Добавить в цитаты Настройки чтения

Страница 23 из 102

 Он обернулся. Мы пошли навстречу друг другу.

 Внешне он мало изменился: все тот же орден Ленина, медаль "XX лет РККА" и большой знак мастера парашютного спорта.

 Минов улыбался.

 - Рад видеть, Игорь, - сказал он, крепко пожимая руку.

 Неожиданная встреча взволновала меня. Мы давно не виделись, и этот майский день всколыхнул воспоминания о планерной юности.

Мы были спортсменами и, должно быть, надолго ими останемся: ни время, ни разница в возрасте, ни служебная лестница не стерли коктебельской закваски. В глазах Минова все те же искорки.

 Но первые слова его после общих слов приветствия меня насторожили, показалось, он озабочен.

 - Вижу, вы в форме - у вас все просто и ясно.

 Я улыбнулся.

 - Были преграды, Леонид Григорьевич.
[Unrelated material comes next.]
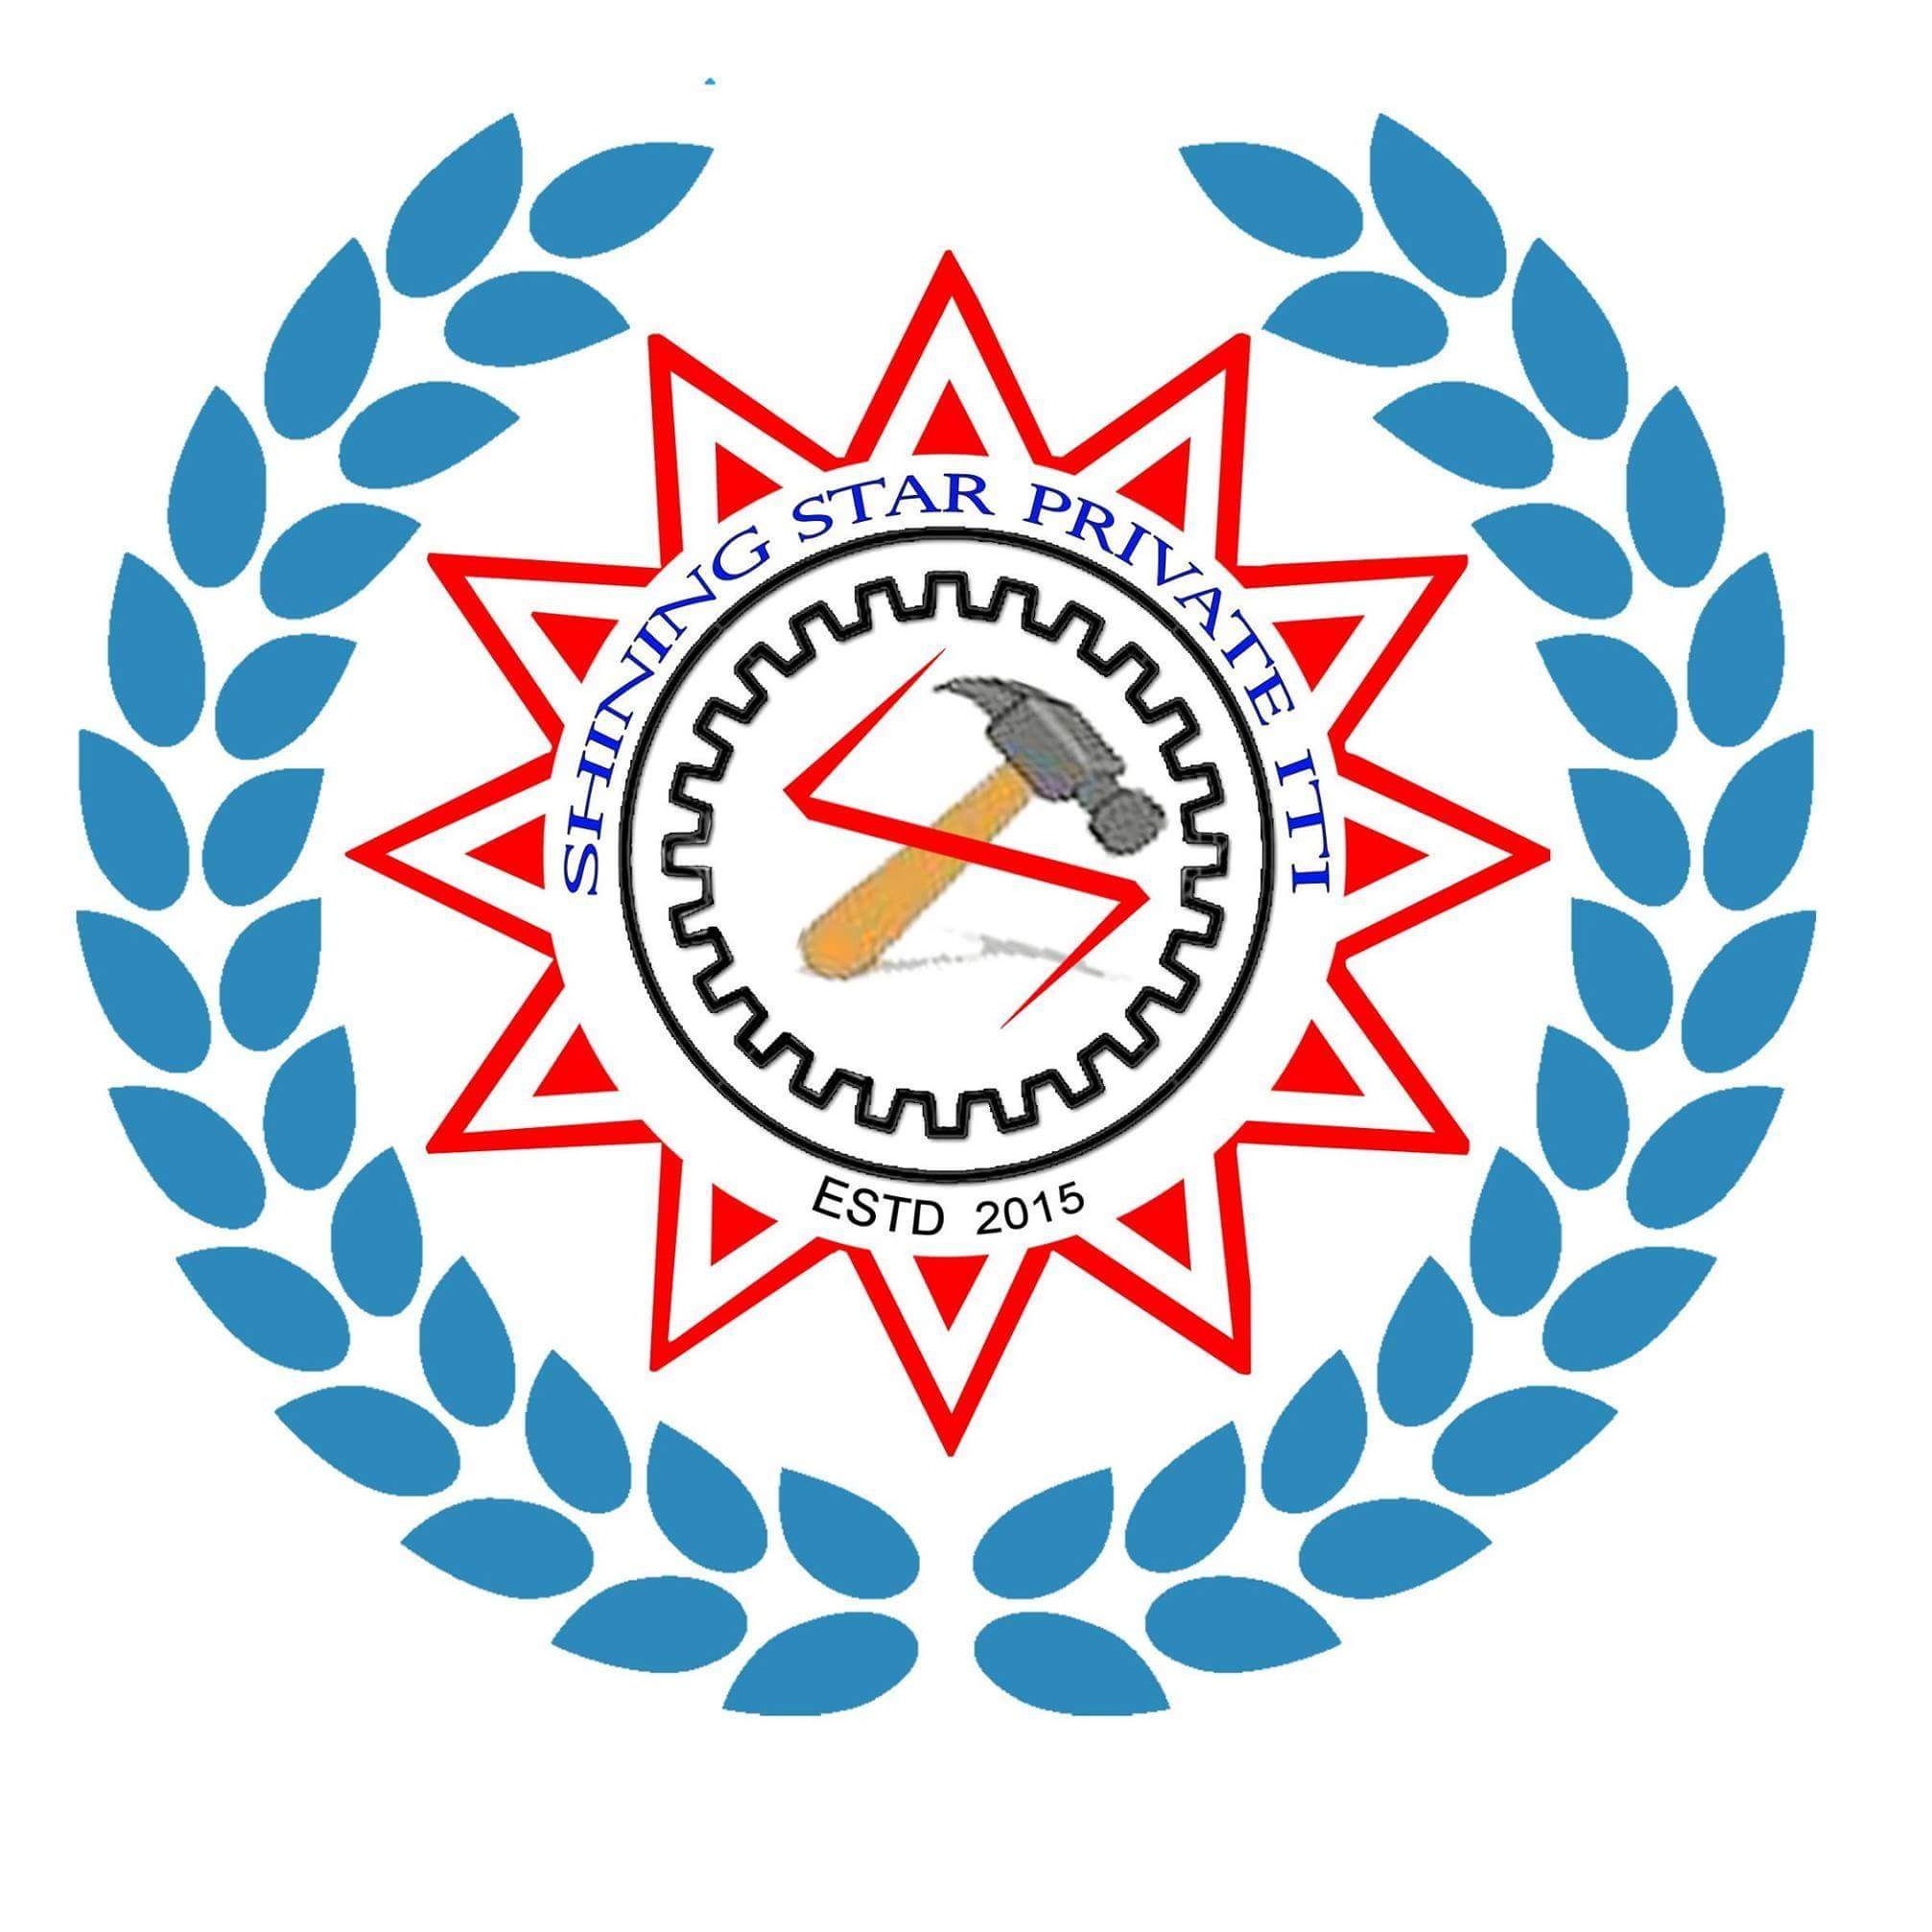 Iti Logo - SHINING STAR Pvt. ITI

Вы знаете, чего стоит путь в испытатели. Как будто преодолел...

 - Я не о том. Мне жаль, что с планеризмом вы тоже покончили, - заметил он с досадой.

 - Пожалуй, это уже пройденный этап. - Я посмотрел вверх. Небо было яркое, формировались маленькие кучевые облака, столь желанные когда-то; нельзя сказать, чтобы они меня совсем не волновали.

 - Обидней всего, - продолжал Минов, - что фашисты теперь ловко экспериментируют, применив опыт буксировки и массовой переброски воздушных десантов. Эти "эксперименты" они проводят в боевых операциях на Кипре, в Греции, в Северной Африке... А наша готовность не в лучшем виде. Уж я-то знаю это, поверьте, - он нервно покусывал сухой стебелек. - Ужасно глупо, сбрасывали на маневрах в тридцать пятом, тридцать шестом годах тысячные десанты, а сейчас, боюсь, осталось только что для парадов.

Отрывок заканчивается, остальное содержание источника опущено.